By this time I was sitting in the dark of the projection room, watching the lighted screen display the opposition faces I might come across where I was going. The telephone rang. Smitty, the crippled projectionist, turned his machine to automatic and hobbled off to answer—he’d
once made a mistake in the field, so now he had charge down here, a reminder to the rest of us that mistakes can be pretty permanent in our line of work.

He was gone for a while, long enough for the automatic projector to run out of slides. When he returned, he fed it again, and suddenly Monk was looking at me from the screen, older than I remembered him, of course, but with the same hulking shoulders and oddly sensitive, handsome face. I’d never decided whether Mac had picked that code name for him because he was built like a gorilla or because he often wore the expression of a saint, and I’d never asked. There had been more important things to worry about at the time. I was shown several recent views of the man and a complete dossier, the works. Then I was given a rundown on the rest of our Pacific people, old and new.

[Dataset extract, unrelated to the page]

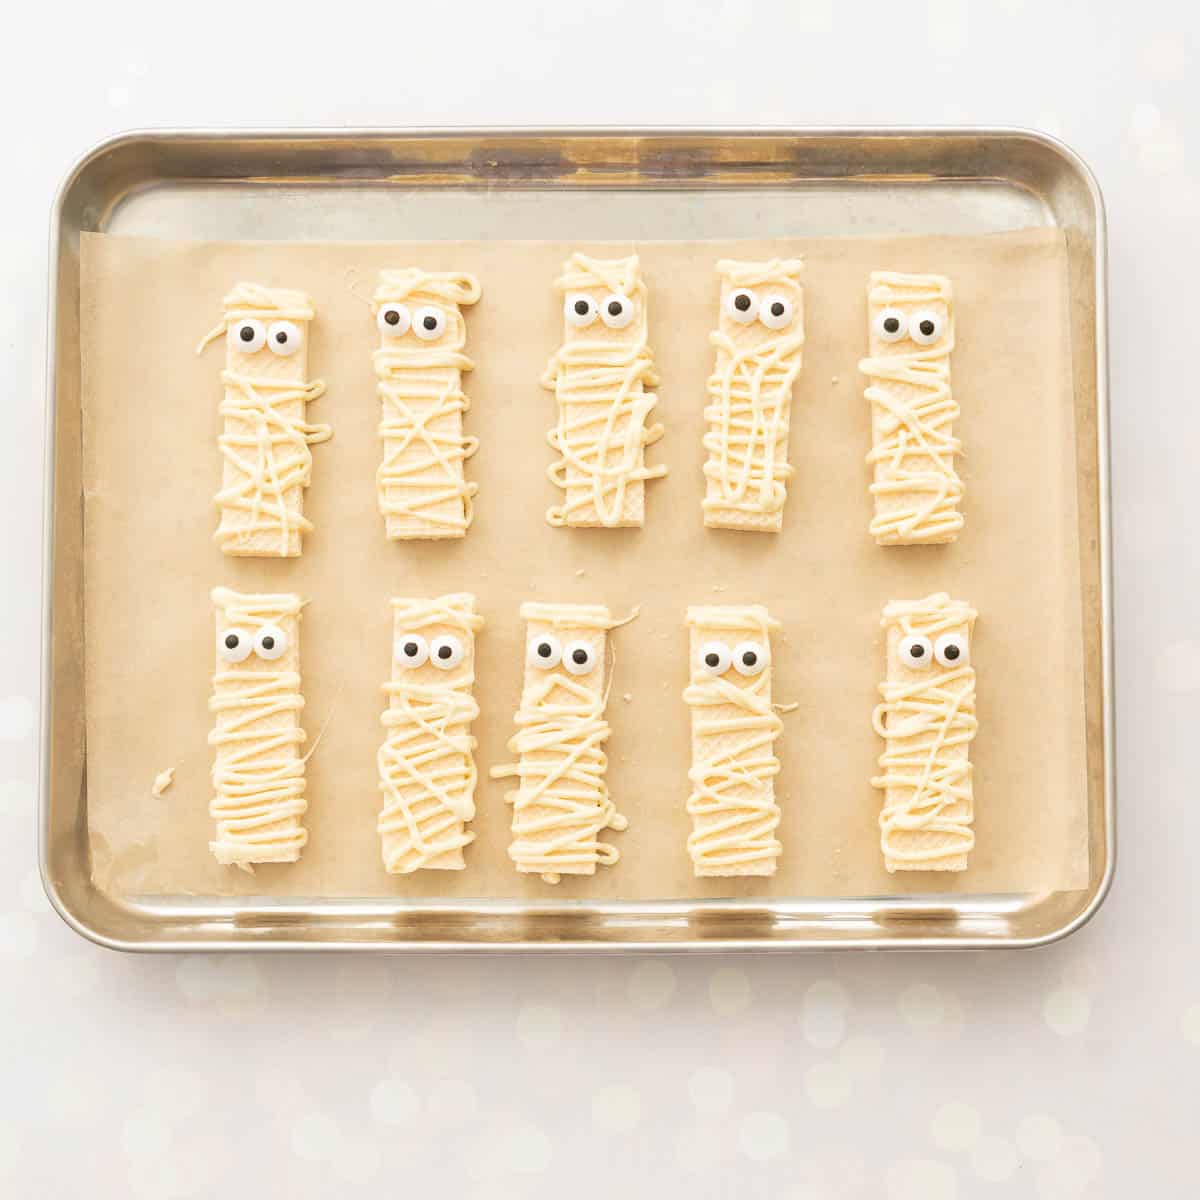 Ten wafer biscuits decorated to look like mummies with melted white chocolate and candy eyes

I’d started to speak, surprised, when Monk’s face first flashed on the screen, but I’d checked myself. Smitty knew his business, and obviously he’d received his orders from upstairs. Of course, it was strictly irregular. Normally we’re not allowed to know anybody in the outfit we don’t absolutely have to know, nor are we given unnecessary information about the agents we do know. In all the years I’d worked for Mac, I’d never even got a clear idea of just how many other operatives he had reporting to him. The only ones I’d recognize were the ones I’d had occasion to work with, and I was supposed to do my best to forget those.

For me, a field man, to be briefed on our entire Pacific apparatus was, I suppose, a great compliment. It meant
that Mac had real faith in me. It was undoubtedly very unappreciative of me to wish he’d found some other way to show it, and to wonder just what I’d have to do in return for this mark of confidence.

From the recognition room I went across the hall to Hardware and requisitioned a revolver to replace one that had gone astray over in Europe. I wasn’t going to need it on leave—at least I hoped I wasn’t—but the regulations say we must have one more or less available always, and I had an uneasy hunch this wasn’t the time to start breaking this particular rule.

The supply man was annoyed with me. “Nowadays you seem to lose a gun every time you go out, Eric,” he said. “Yet the record shows that when you were first with us you used the same .22 automatic for years.”